In December 2021, Donaldson created a third influencer tournament featuring 15 competitors with a grand prize of $1 million. In January 2022, Forbes ranked Donaldson as YouTube's highest-earning creator, earning an estimated $54 million in 2021. Forbes stated that his income in 2021 would have placed him 40th in the 2020 Forbes Celebrity 100, earning as much money as Vin Diesel and Lewis Hamilton did in 2020.

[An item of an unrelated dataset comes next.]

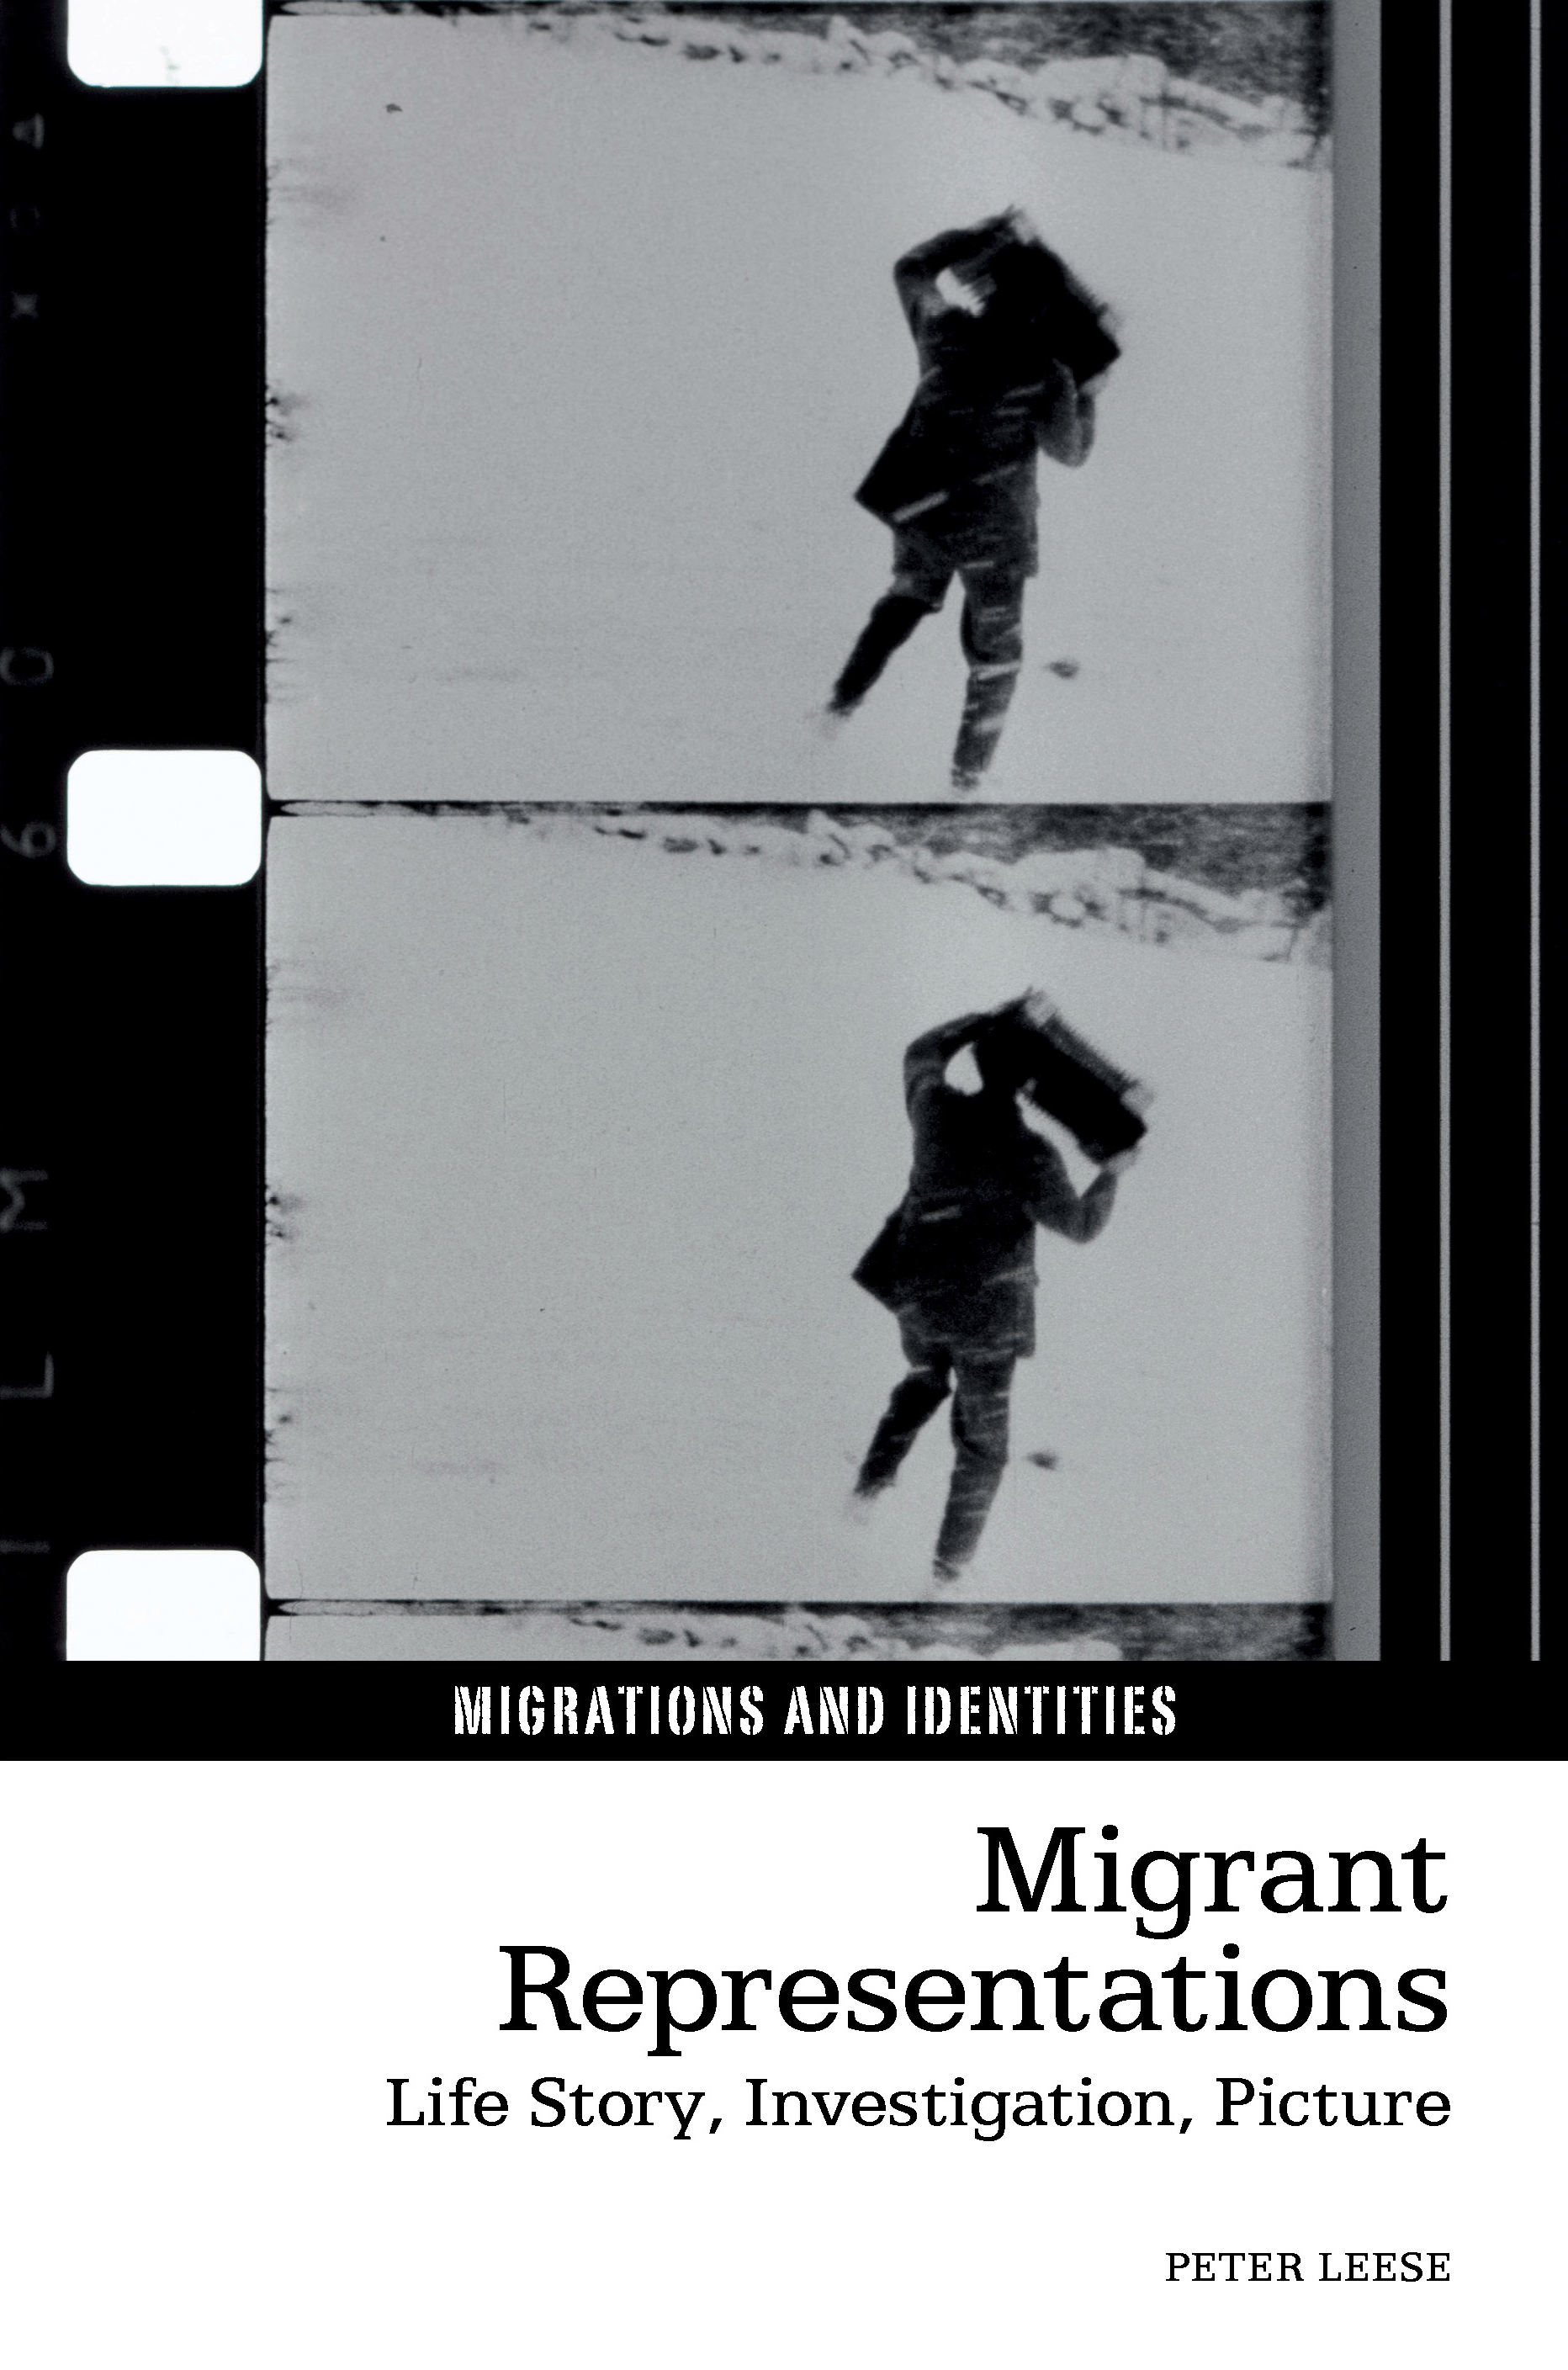 Book cover of Peter Leese's Migrant Representations

On July 28, 2022, Donaldson surpassed 100 million subscribers on his main channel, making him the fifth channel and the second individual YouTuber to achieve the milestone. On November 17, 2022, Donaldson achieved the Guinness World Record of "Most Subscribers for an Individual Male on YouTube" with his MrBeast channel at 112 million subscribers. The previous record holder, PewDiePie, had held the record as the most subscribed YouTuber for almost ten years. Donaldson achieved one billion video views over 30 days on his main YouTube channel in November 2022. On October 15, 2023, Donaldson surpassed 200 million subscribers. His YouTube Shorts video "Would You Fly to Paris for a Baguette?" is the most-watched video on his main YouTube channel, having more than 1.5 billion views and 56 million likes as of May 2025.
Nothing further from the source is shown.